The Sinner Refined

"After the Rain" by Gordon McBryde, p0rg.deviantart.com/

One of many examples where the Reformed are closer to Catholics than many realize, on the relation of sanctification to justification:

“Whomsoever God justifies, he sanctifies. ‘But ye are sanctified, but ye are justified.’ I Cor 6:6: The Papists calumniate Protestants; they report them to hold that men continuing in sin are justified; whereas all our Protestant writers affirm, that righteousness imputed, for justification, and righteousness inherent, for sanctification, must be inseparably united. Holiness indeed is not the cause of our justification, but it is the attendant; as the heat in the sun is not the cause of its light, but it is the attendant. It is absurd to imagine that God should justify a people, and they should still go on in sin. If God should justify a people and not sanctify them, he would justify a people whom he could not glorify.
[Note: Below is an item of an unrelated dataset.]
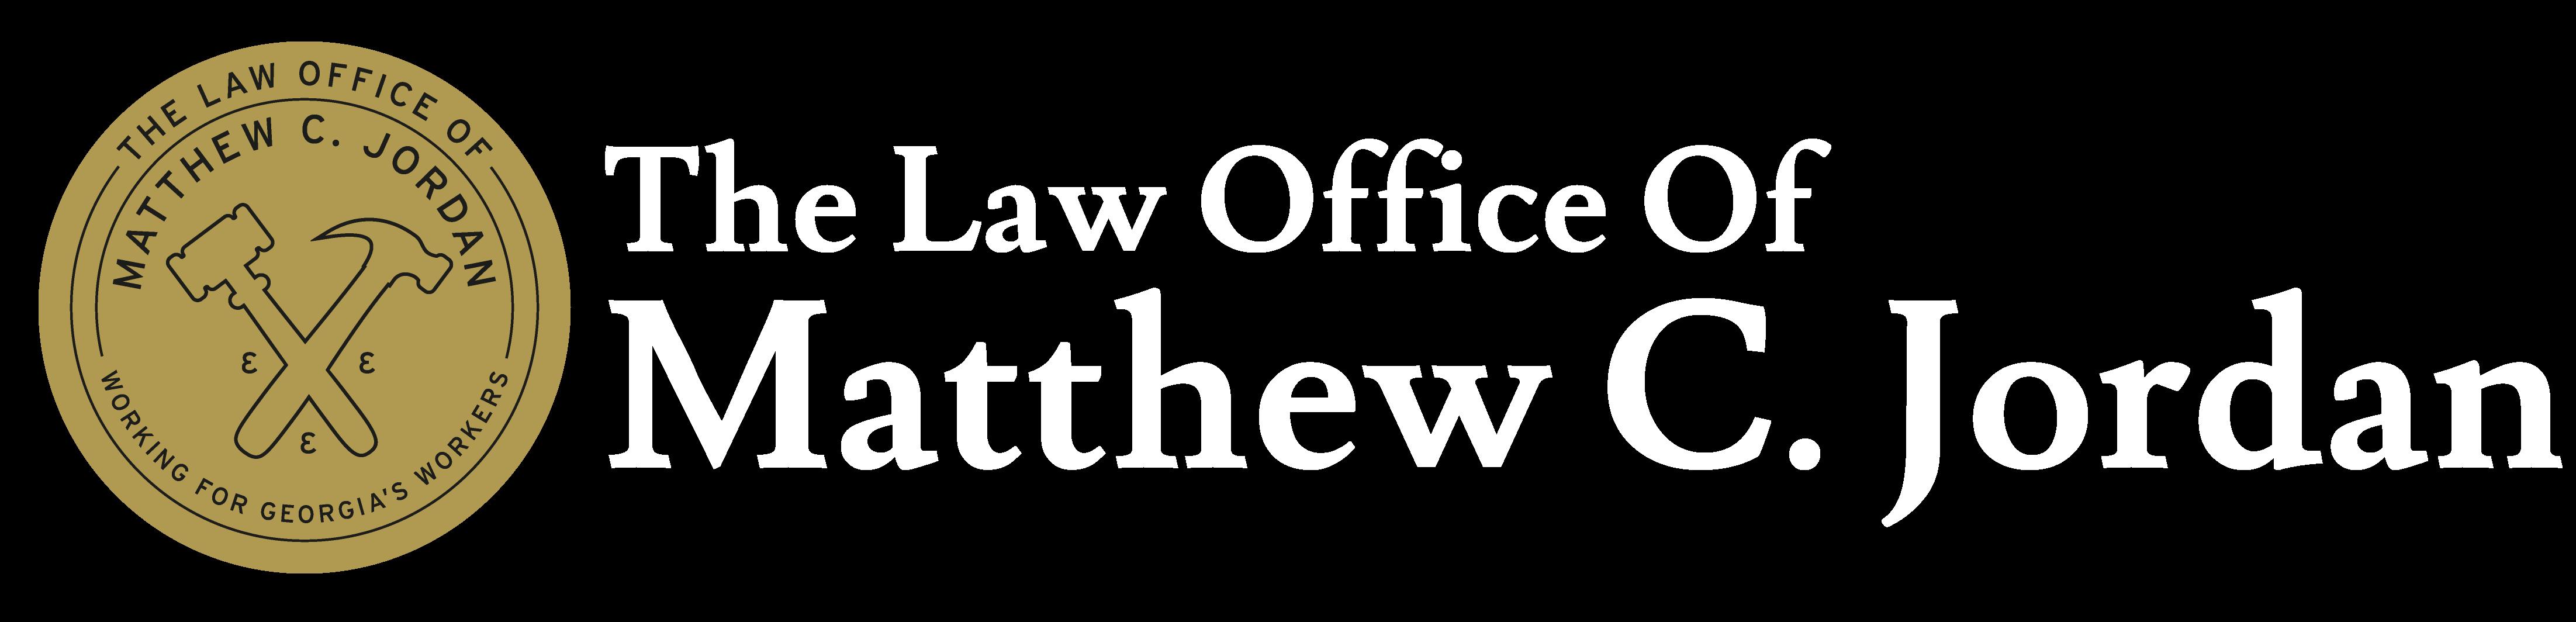 THE LAW OFFICE OF MATTHEW C. JORDAN

A holy God cannot lay a sinner in his bosom. The metal is first refined, before the king’s stamp is put upon it; so the soul is first refined with holiness, before God puts the royal stamp of justification upon it.

Thomas Watson, A Body of Practical Divinity, emphasis mine

That is some strong language, which unfortunately most contemporary Calvinists would hesitate to duplicate, for fear of running afoul of simul iustus et peccator.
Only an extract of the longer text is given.